Le design et la cuisine se côtoient peu. En France, le design culinaire fait pourtant tranquillement son entrée chez les traiteurs et dans les galeries. Ici, il suscite surtout la curiosité. Rencontre avec Delphine Huguet, une pionnière de la nouvelle discipline, de passage à Montréal pour l'inauguration du laboratoire culinaire de la SAT.

Pendant sa résidence de deux mois à la SAT, Delphine Huguet travaillera sur son projet MEGA Beat Dessert, qui sera ensuite diffusé dans l'espace immersif situé au nouvel étage de l'édifice de la SAT. Pour créer ce «dessert technologique» à base de fécule de maïs (matière non-newtonienne), l'artiste utilisera non pas un fouet, mais des fréquences sonores impalpables. Elle créera ainsi une bande sonore utilisant différents types de fréquences pour rythmer l'ajout des ingrédients, jusqu'à l'obtention d'un dessert... comestible.

Contrairement à d'autres créateurs culinaires, Delphine Huguet propose toujours des oeuvres qui se mangent, par amour pour la bouffe, mais aussi par soucis écologique.

«Le problème avec le design, c'est que, de manière générale dans notre société, on produit beaucoup trop. Qu'est-ce qu'on fait avec tous ces objets? Avec le design culinaire, je suis libre de produire autant que je veux, puisque ce sera ingéré.»

L'artiste aime bien l'idée que ses créations fassent corps avec le spectateur ou le client. «Il y a un rapport hyper personnel et sensuel, puisque le spectateur mange mon travail!»

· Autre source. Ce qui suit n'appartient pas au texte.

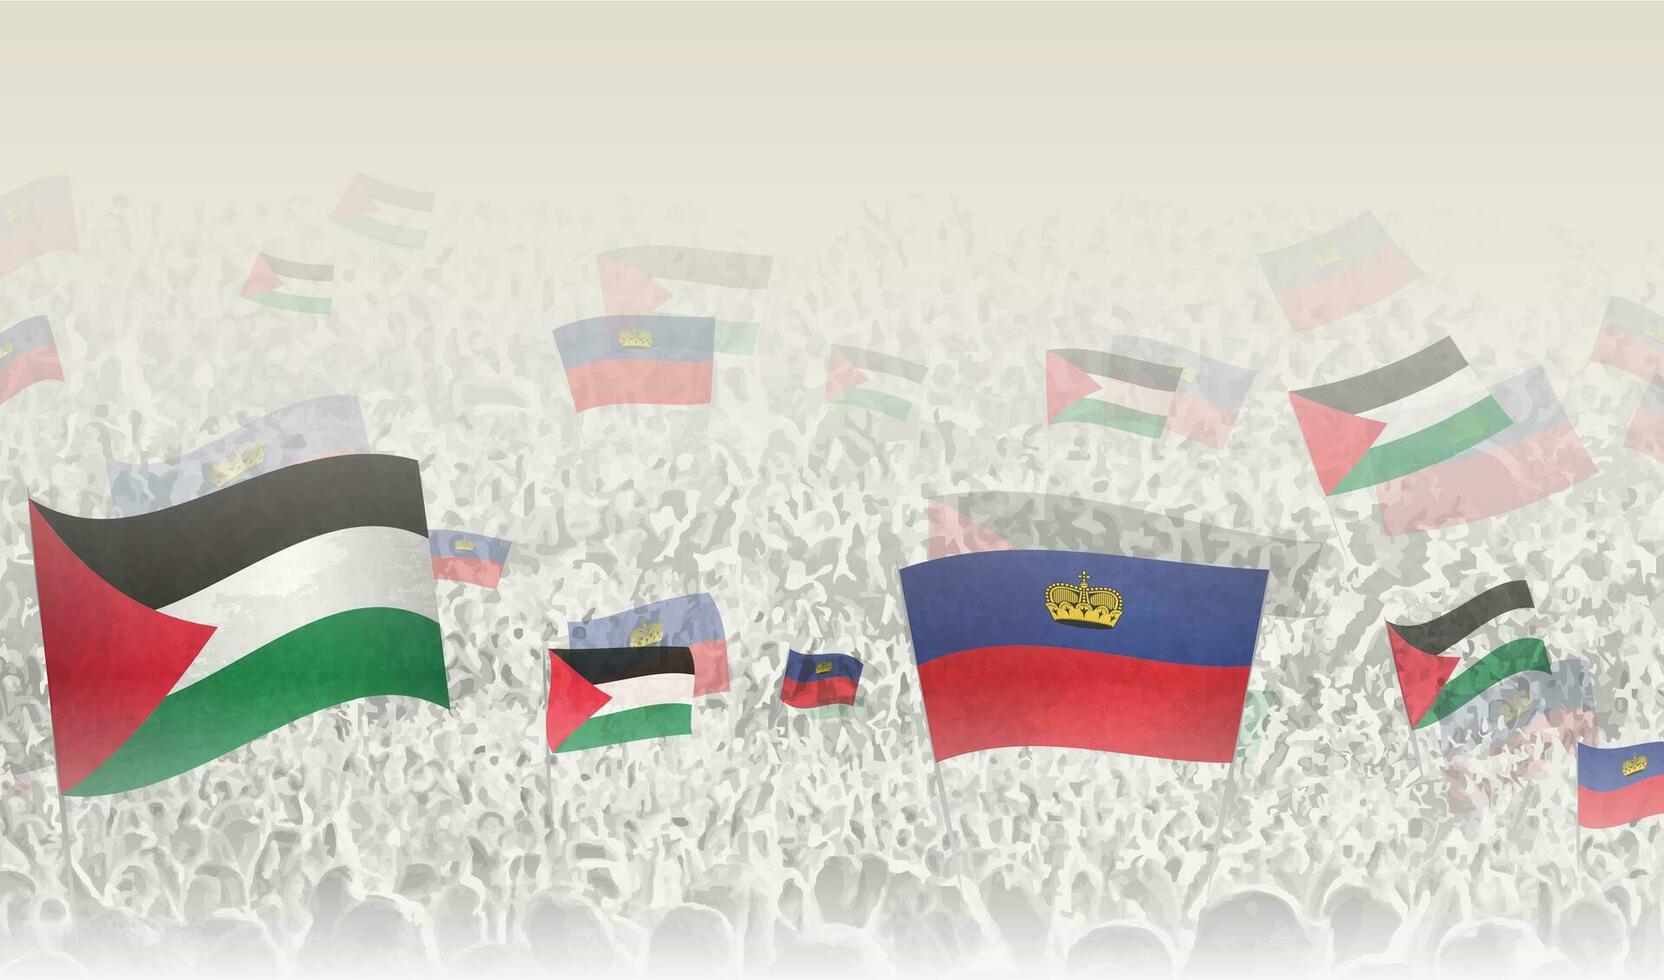 Palestine et Liechtenstein drapeaux dans une foule de applaudissement personnes. vecteur

En plus de participer à de nombreuses expos et résidences internationales (après Montréal, elle s'envole au Japon), la designer a réalisé plusieurs contrats pour des entreprises très diverses.

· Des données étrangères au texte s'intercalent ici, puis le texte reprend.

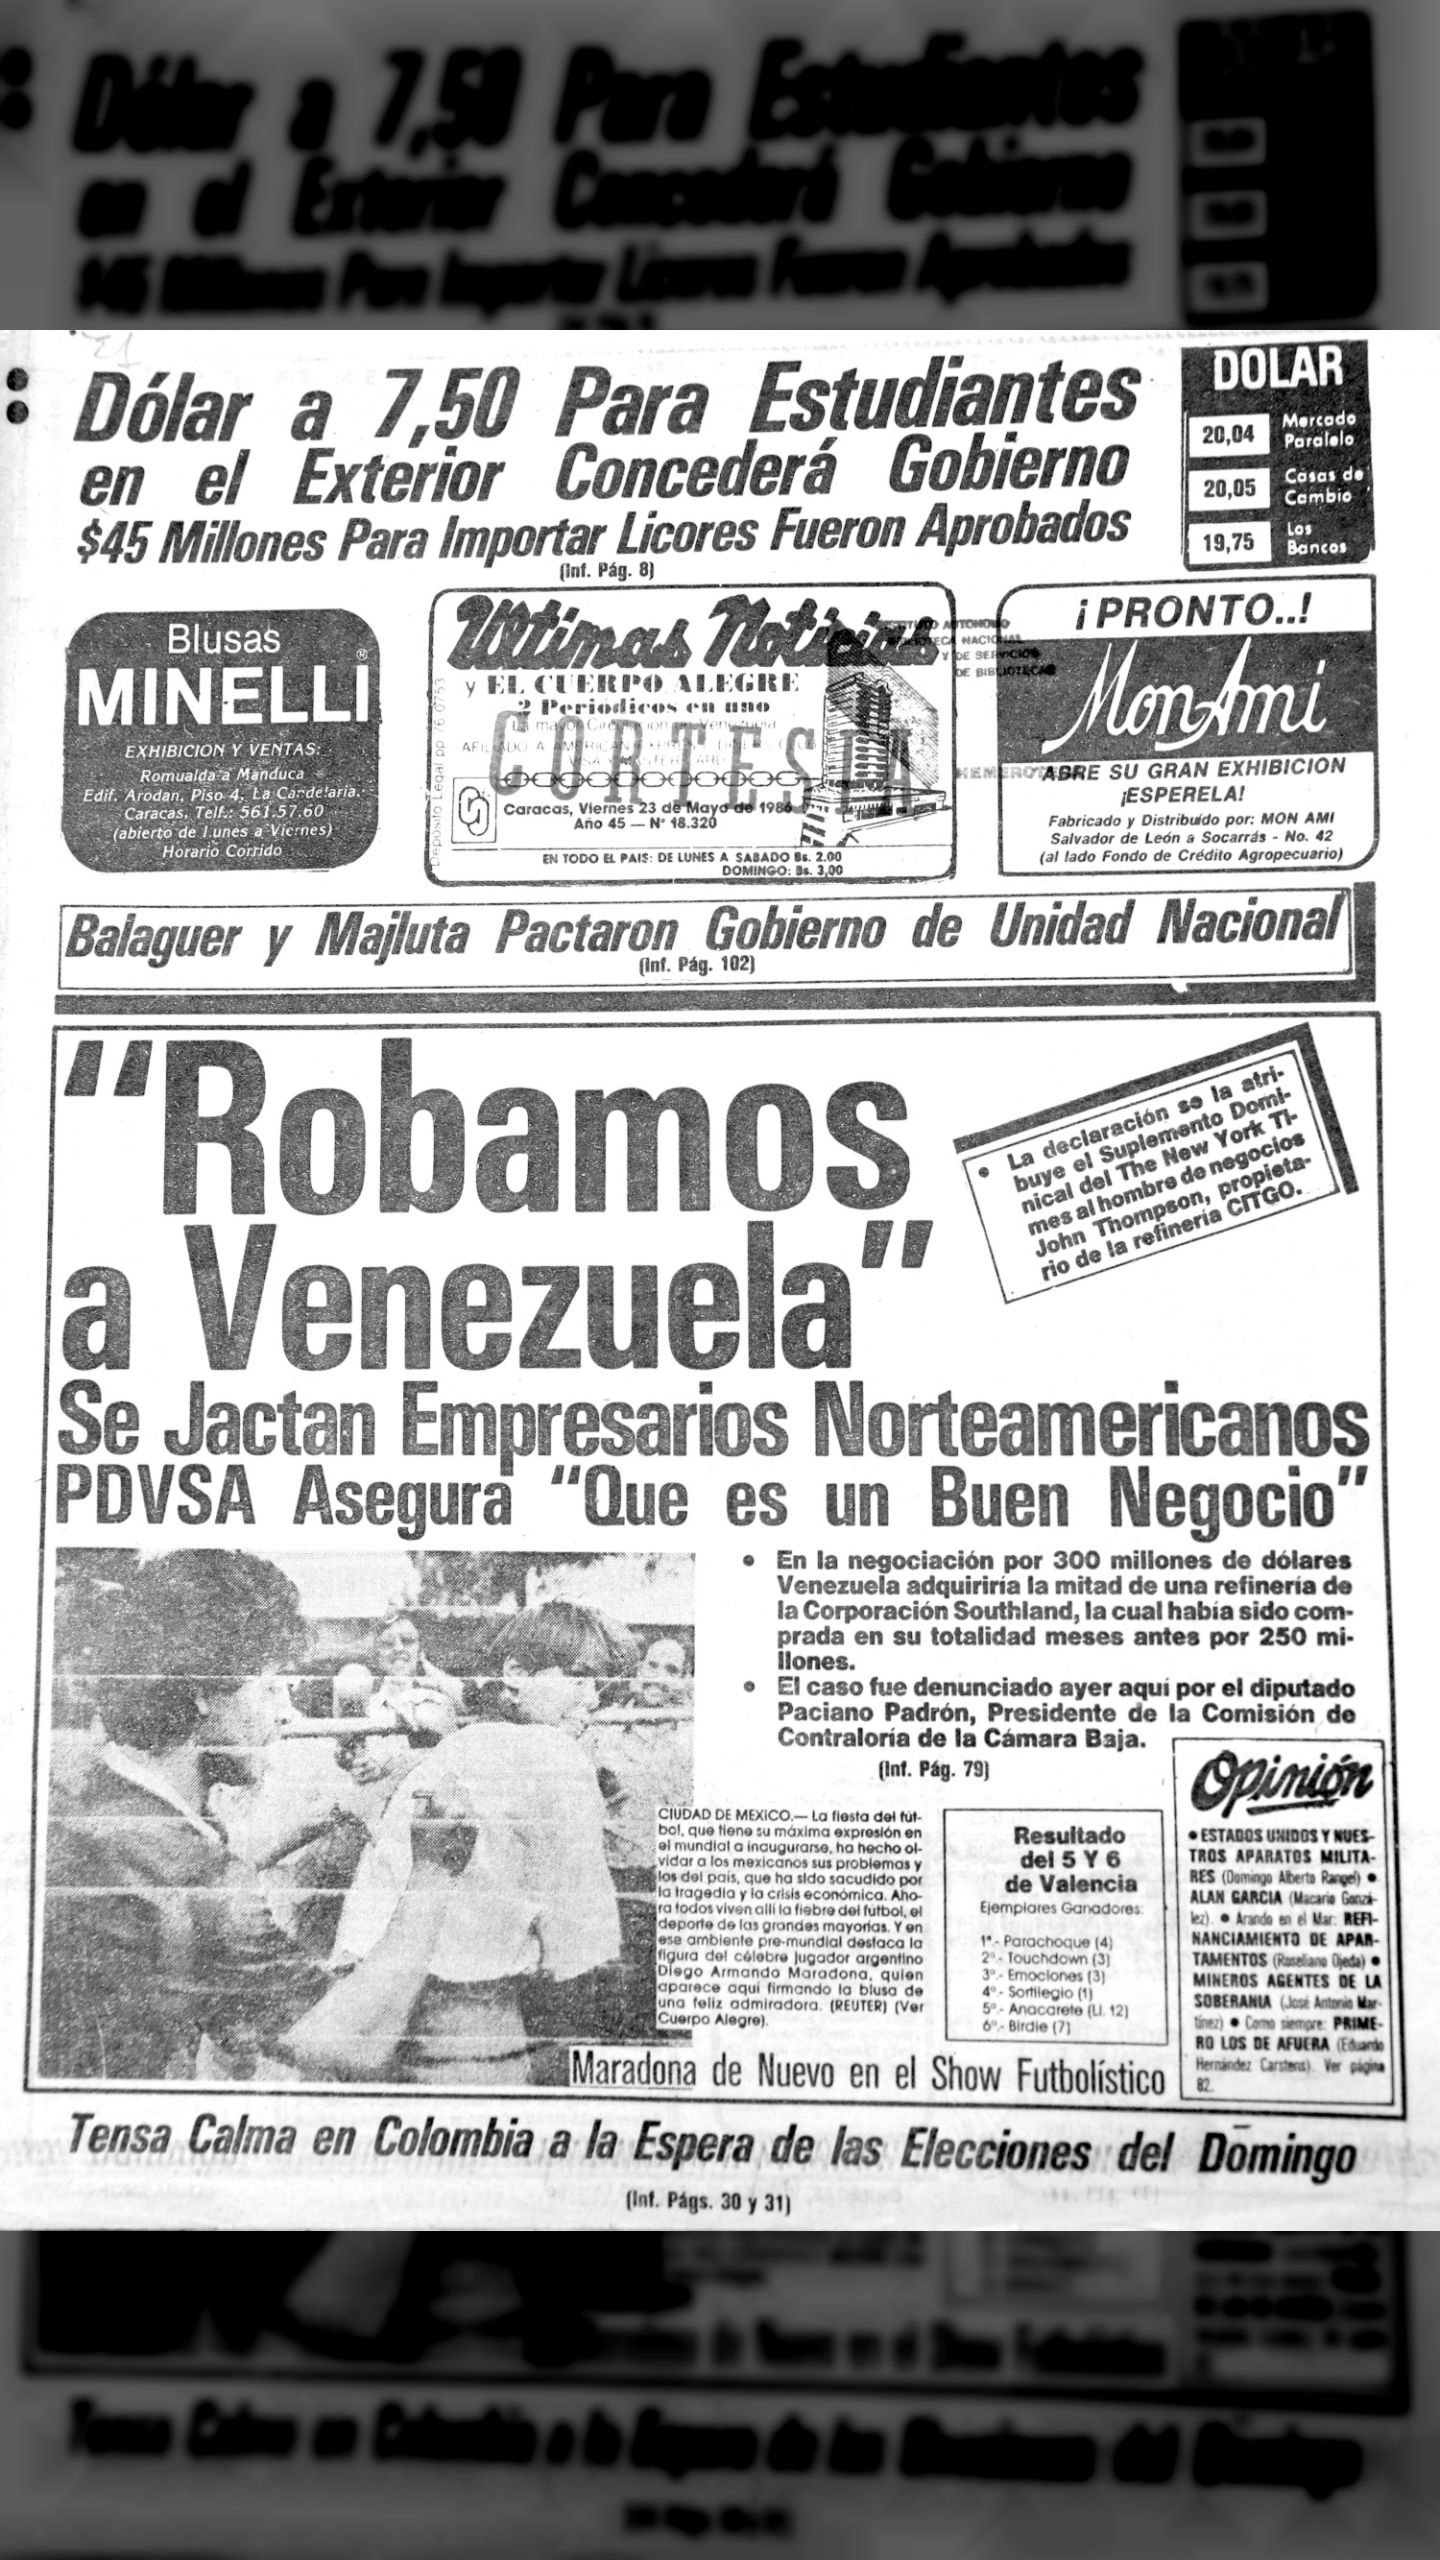 ROBAMOS A VENEZUELA (Últimas Noticias, 23 de Mayo de 1986)

Elle a par exemple imaginé une «carte postale gourmande» pour l'ouverture de la saison touristique du Comité régional du Limousin. La salle de spectacle L'International de Paris lui a inspiré des drapeaux comestibles aux saveurs de chaque pays (hareng et myrtilles pour la Suède, saucisse fumée et pomme pour l'Allemagne, wasabi et mûre pour le Japon).

À l'occasion de la sortie du livre Field Notes From a Catastrophe d'Elizabeth Kolbert, elle a réalisé un buffet ludique sur le thème du réchauffement climatique. Il y avait par exemple un dessert représentant la planète Terre. «Après avoir brisé le biscuit à coups de maillet, les convives se délecteront de la planète jusqu'à n'en plus laisser une miette. Ce dessert est accompagné d'une tisane aux vertus apaisantes...» peut-on lire sur le site de l'artiste (huguetpourebullition.ultra-book.com).

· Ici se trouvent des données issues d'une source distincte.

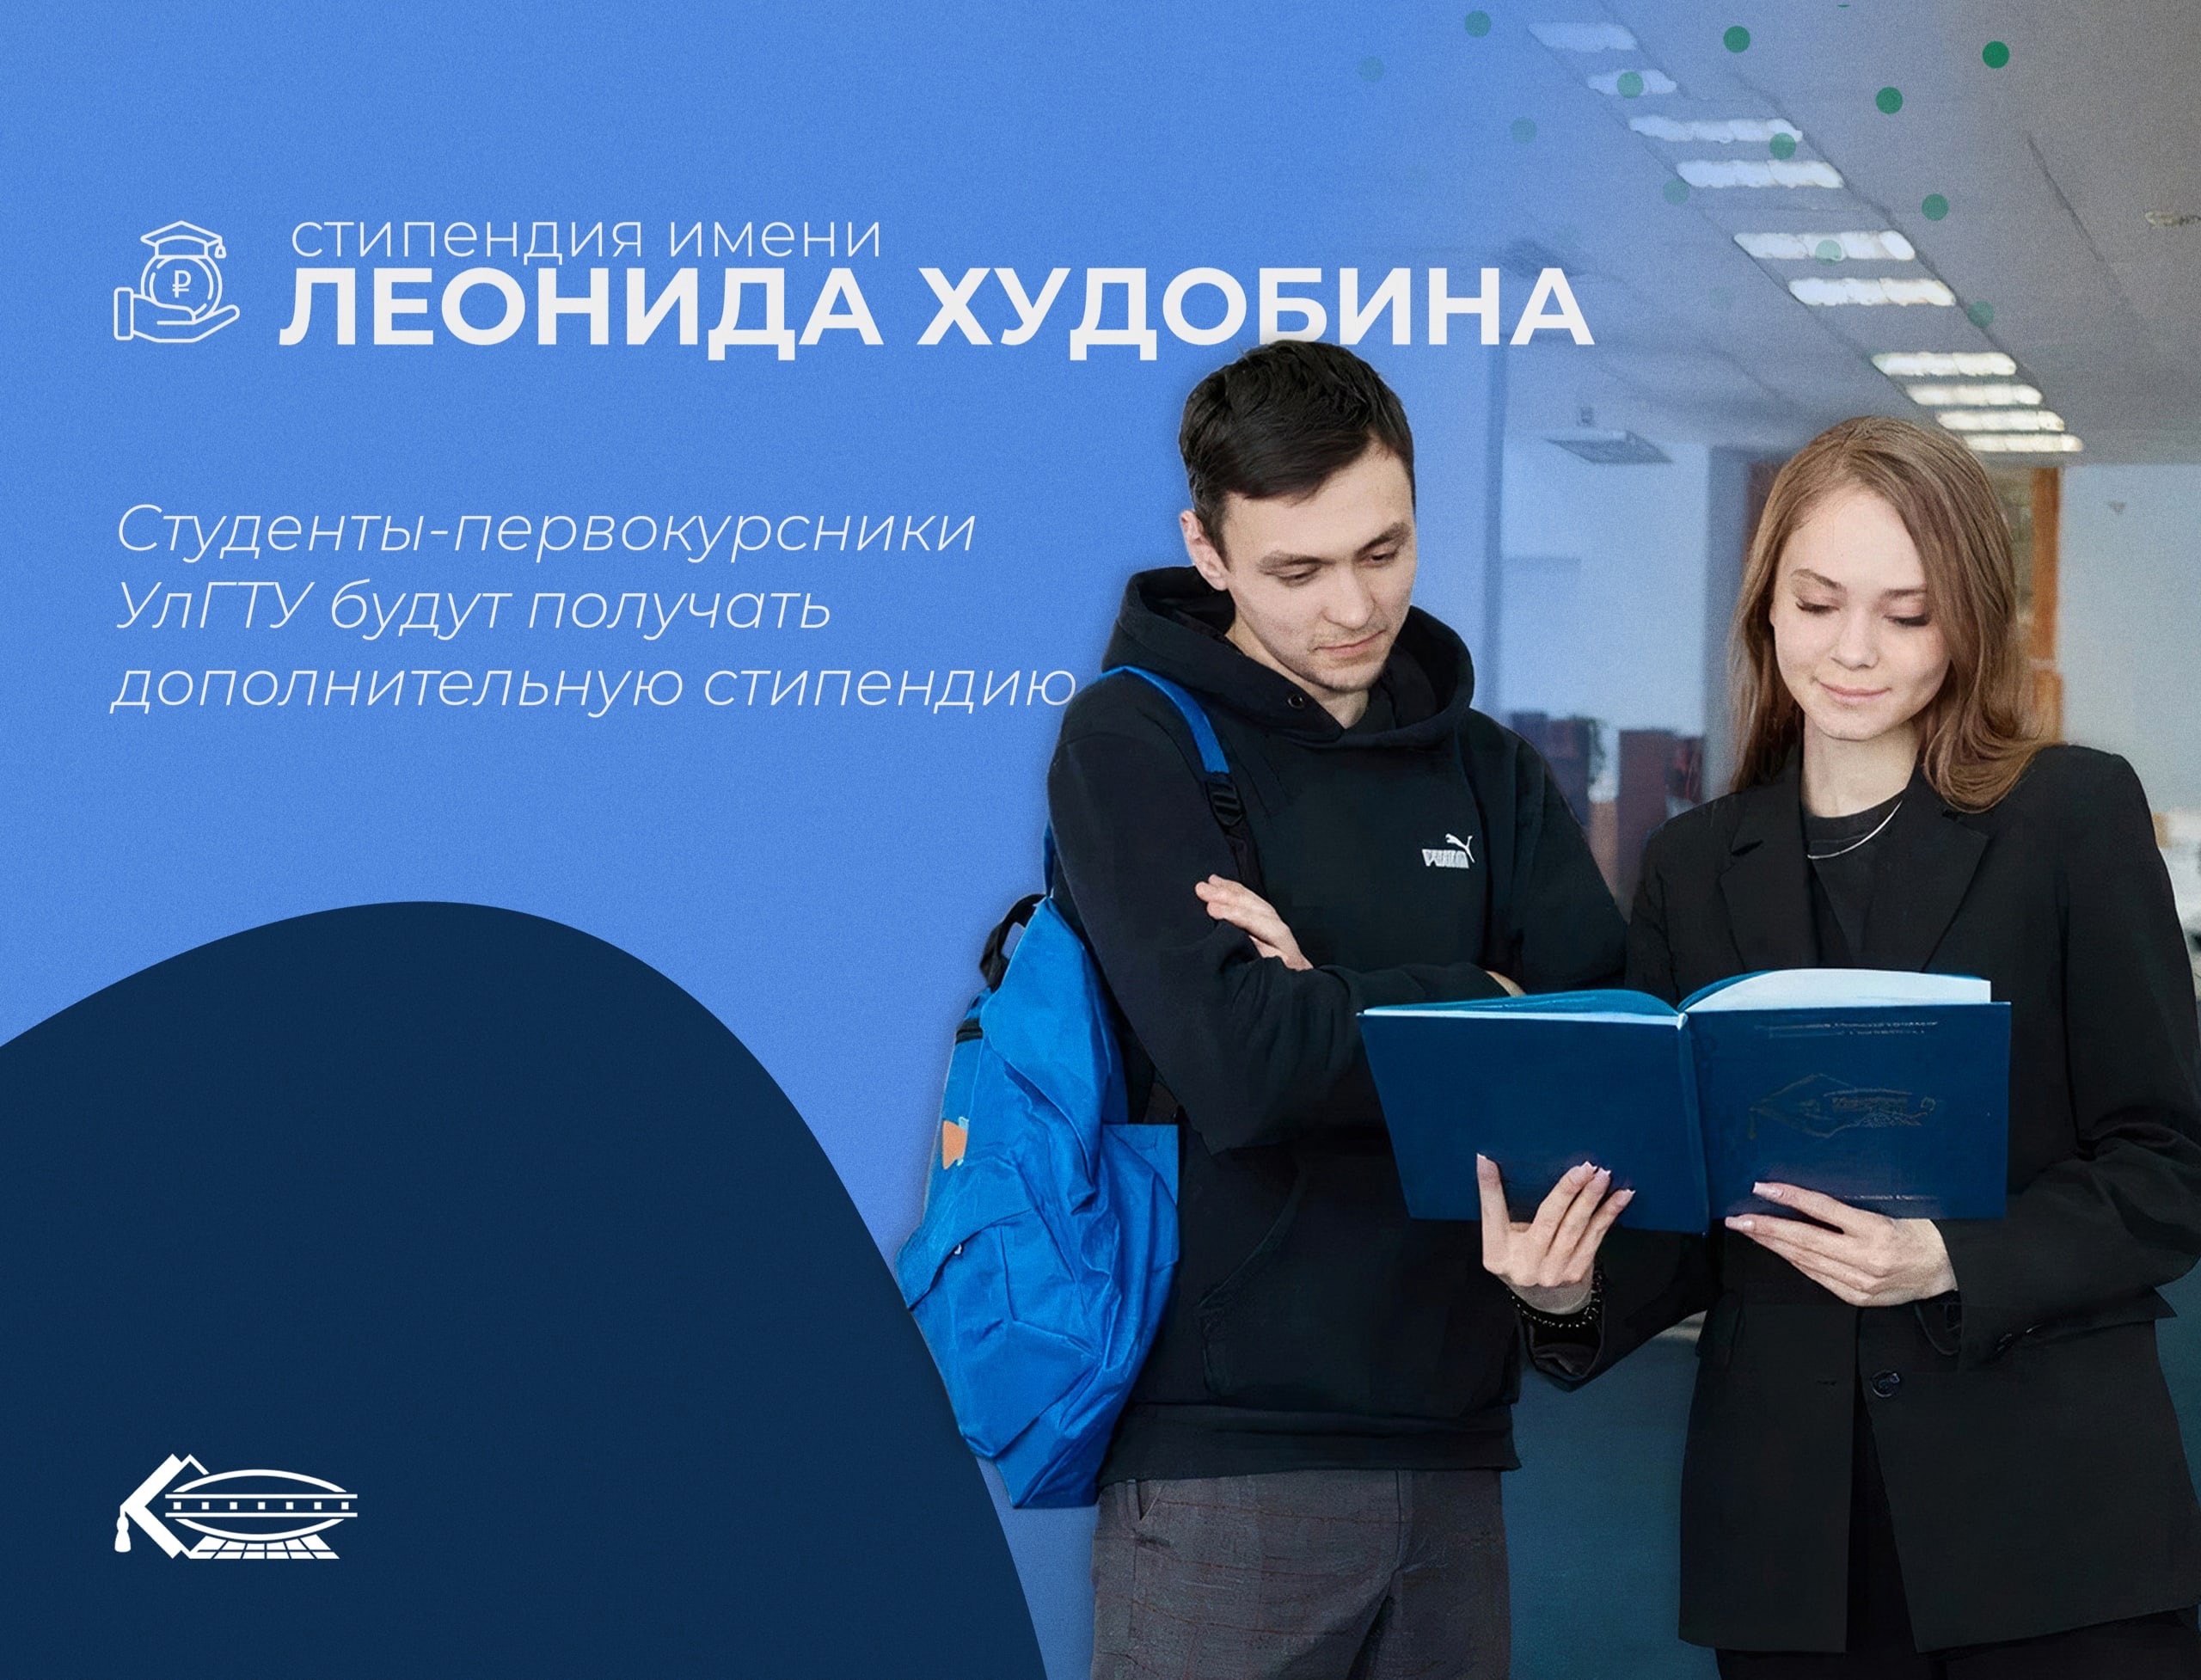 Первокурсники УлГТУ будут получать дополнительную стипендию имени Леонида Худобина

Delphine Huguet a étudié à l'École supérieure d'art et de design de Reims. Elle a été particulièrement marquée par l'enseignement de Marc Bretillot et par le travail de Stéphane Bureaux. Ces deux designers culinaires sont parmi les premiers à avoir exploré cette discipline. On retrouve donc un petit noyaux de créateurs en France et quelques artistes éparpillés un peu partout: Hollande (Mariej Vogelzang), Japon (Ayako Suwa), Espagne, Québec (Diane Leclair Bisson, avec son fascinant projet de contenants comestibles).

«La cuisine est la dernière discipline à ne pas avoir eu accès au design, déclarait Marc Bretillot, dans un entretien que l'on peut lire sur son site. On ne se pose pas la question quand un éditeur de meubles fait appel à un designer pour concevoir une chaise. Dans les métiers de bouche, ce n'est pas encore vraiment accepté même si cela suscite beaucoup de curiosité chez les grands chefs. C'est dû au corporatisme et au poids de la tradition.»

Il arrive d'ailleurs que Delphine Huguet se heurte à quelques esprits moins ouverts, lorsque vient, par exemple, le moment d'expliquer ses concepts aux traiteurs qui doivent réaliser la chose. Heureusement, une nouvelle génération de traiteurs plus créatifs est en train de voir le jour en France.

Chez nous, le nouveau laboratoire culinaire de la SAT, qui sera également un lieu d'expérimentation pour les chefs québécois, les mixologues et les chercheurs universitaires devrait développer une certaine curiosité pour cet «art» de l'éphémère en émergence.